Under what circumstances can a thermonuclear furnace create these heavier nuclei ? You may already be able to guess the answer. Since heavier nuclei contain more protons and have more positive charge, they repel each other much more strongly. If they are to collide and stick they must therefore move faster. Hence the key to igniting heavier fuels is to have hotter furnaces. Two conditions must apply before furnaces can get hot enough. First, lighter fuels which burn at lower temperatures must have all been consumed -- in other words, the star must be approaching the end of its life. Second, the star must be very heavy. Here's why. When a light fuel becomes exhausted and the furnace begins to go out, the reduced heat output causes a loss of core pressure and so the weight of the star bearing down on the core forces it to contract. High school physics tells us that when the gas in the core is compressed it becomes hotter. Only if the weight of the star is great enough does the core temperature increase sufficiently to ignite the new fuel. When this happens the furnace is rekindled, crisis is averted, and the star continues to shine once more, this time powered by a much hotter furnace burning a heavier fuel to create yet heavier elements. This explains a rather simple truth : heavier elements can only be manufactured in heavier stars. The Sun, for example, will get as far as making Carbon (6) and Oxygen (8) but cannot make sodium (11) or magnesium (12), while a star like Rigel (which is 15 times more massive than the sun) will ultimately create elements up to and beyond iron (26).

Take a Break

Lets pause for a second to catch our breath and get our bearings. We have come a long way in understanding where and how the atoms in the paper and ink of this page were originally made. The answer, rather astonishingly, is that they were cooked for millions of years in white hot furnaces deep inside stars, at temperatures of hundreds of millions of degrees, pressures of billions of atmospheres, and densities of many kilograms per cubic centimeter. Clearly, the matter in this page has had a wild and exciting past compared to its present rather calm location !

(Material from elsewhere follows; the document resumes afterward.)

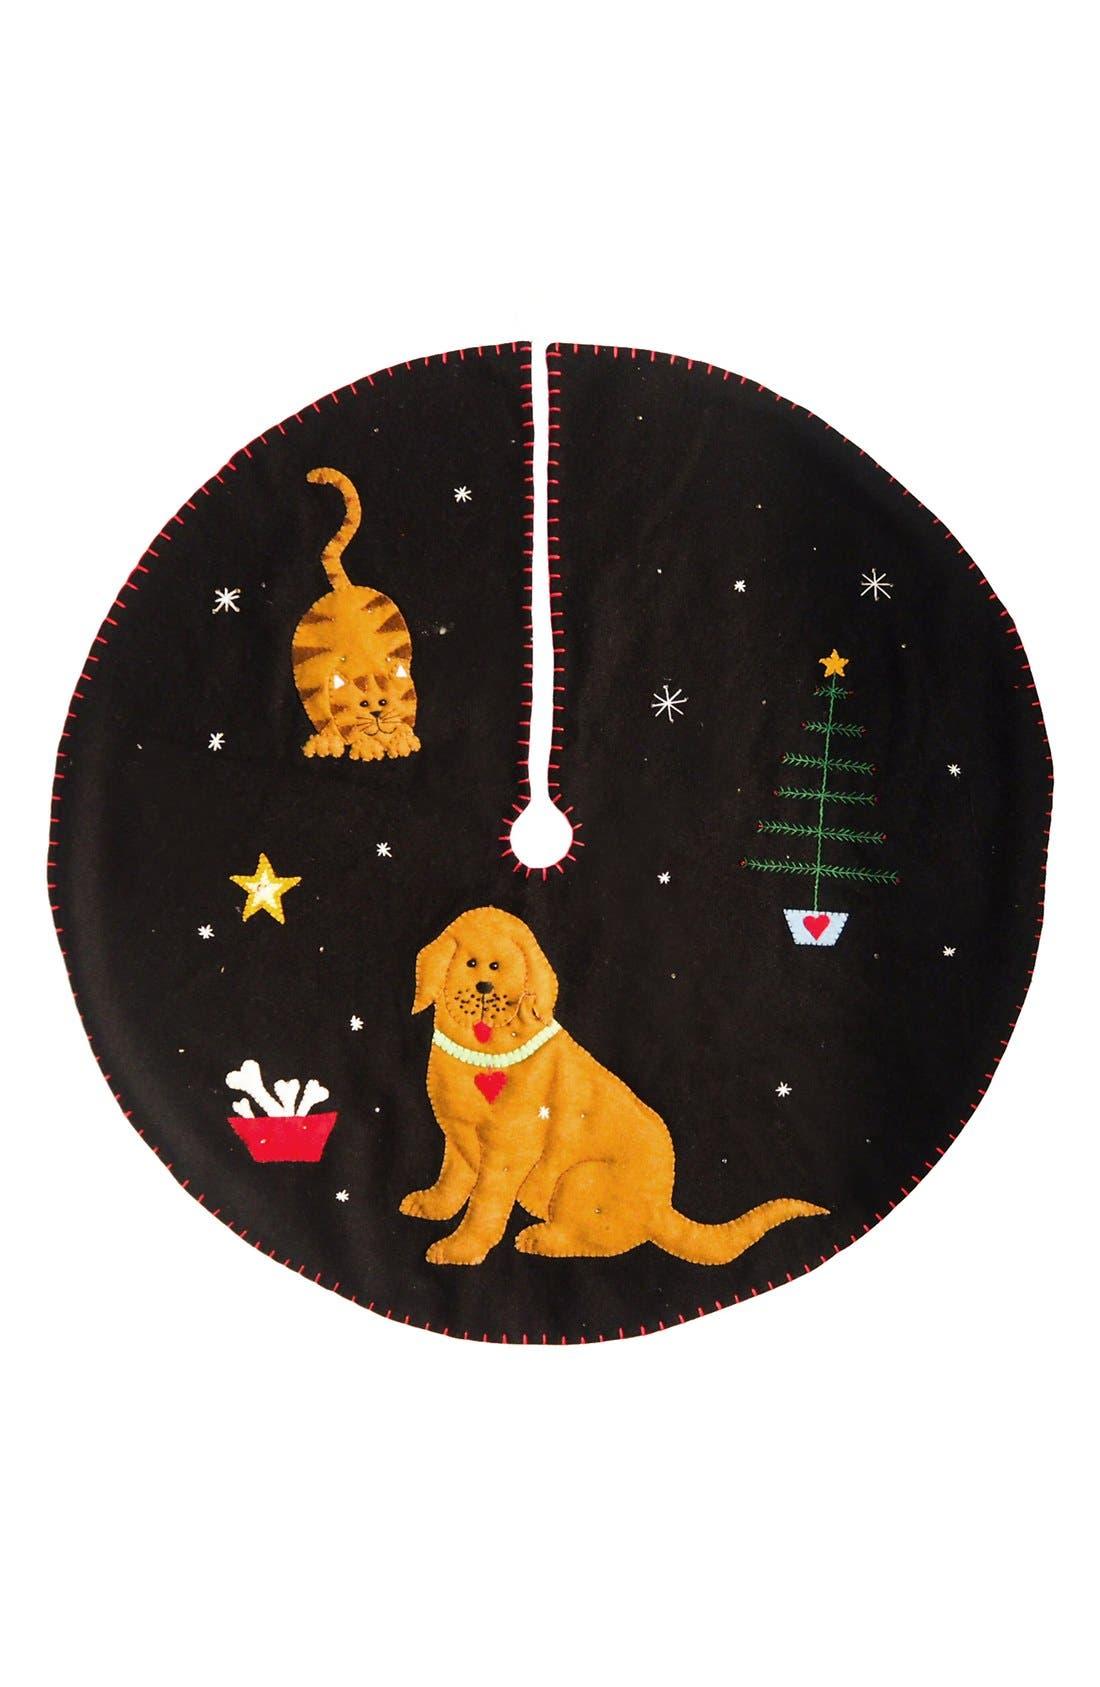 NEW WORLD ARTS Dog & Cat Tree Skirt, Main, color, 001
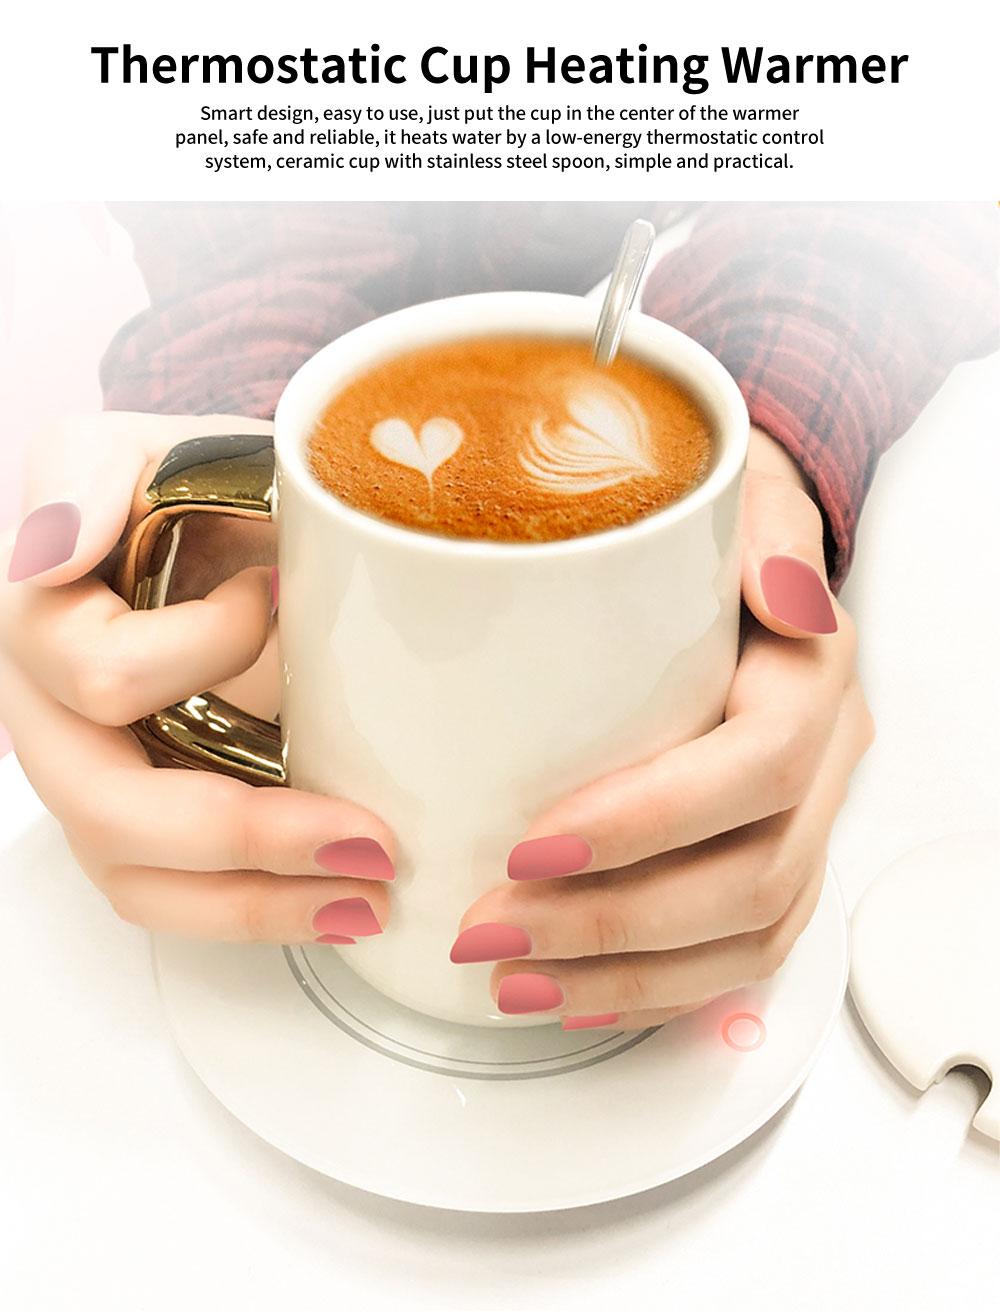 55 Degree Thermostatic Mug Heating Warmer for Hot Milk, Warm Tea, Warm Coffee, Warm Water 0

Our story is, of course, still glaringly incomplete. The atoms in this page are no longer inside a star ! Somehow they have got out of the star and found their way across interstellar space and onto the Earth, where after several billion years they were finally incorporated into a tree and hence into this page. The remainder of our story considers this extraordinary journey, and will be taken up in the next issue of Akashmitra.

 

 

-- II --

This article continues a story which began in the previous issue of Akashmitra (No. 2), where we began to trace the ancient history of the matter in the page you are now reading. The story opened by recognising that the page contains an unimaginable number of tiny atoms, and our goal is really to uncover where and when these atoms were first assembled. Scrutinizing the atoms closely, we saw they had a cloak of lightweight electrons orbiting a much tinier nucleus which itself comprised a tight bundle of protons and neutrons - the exact number determining to which of the 92 elements the atom belonged. After guessing, intelligently, what conditions might be needed to construct atomic nuclei, we recognised that such conditions exist deep within stars, where temperatures are millions of degrees and pressures are billions of atmospheres. Within such stellar furnaces, lightweight atomic nuclei can collide and stick to make heavier atomic nuclei, simultaneously releasing the heat which keeps the star hot and shining brightly. When a lightweight fuel is all used up the star's furnace gets even hotter and it begins to construct even heavier atomic nuclei. Depending on the weight of the star (which determines how hot the furnace can be), the star can manufacture all 92 of the elements we know here on Earth.

Our story ended, however, several billion years ago with these freshly minted atomic nuclei trapped deep inside an ancient star. To enter this page they must somehow rise to the surface of the star, cross interstellar space, build the Earth, and finally arrive in the tree which made the paper of this page. We pick up the story at the start of this remarkable journey......

From Centre to Surface and off into Space

Getting matter from deep inside a star up onto the surface and off into space is no easy feat. Indeed, it is only at the end of a star's life, as its furnace readjusts to the changing fuels, that this can happen. For stars like the Sun, the core shrinks to about the size of the Earth and enters a phase of extremely vigorous thermonuclear burning in a shell near the outer parts of the furnace. The searing heat generated does two things. First, it causes the star to expand enormously, pushing its surface way out, perhaps as far as the orbit of Mars. Second, it drives strong convection currents throughout the whole star. These convection currents dredge up freshly made atomic nuclei from near the star's centre and brings them up to the surface. Close to the surface the temperature is sufficiently low for negatively charged electrons to be captured by the positively charged nuclei. At a few hundred thousand degrees the first electron is caught and held, and by the time the nucleus reaches the surface, all but one or two electrons of the full cloak are in place. We learn, therefore, that while nuclei are made first, deep inside the star at tens of millions of degrees, the final atom is only assembled later in the outer parts of the star at temperatures below hundreds of thousands of degrees.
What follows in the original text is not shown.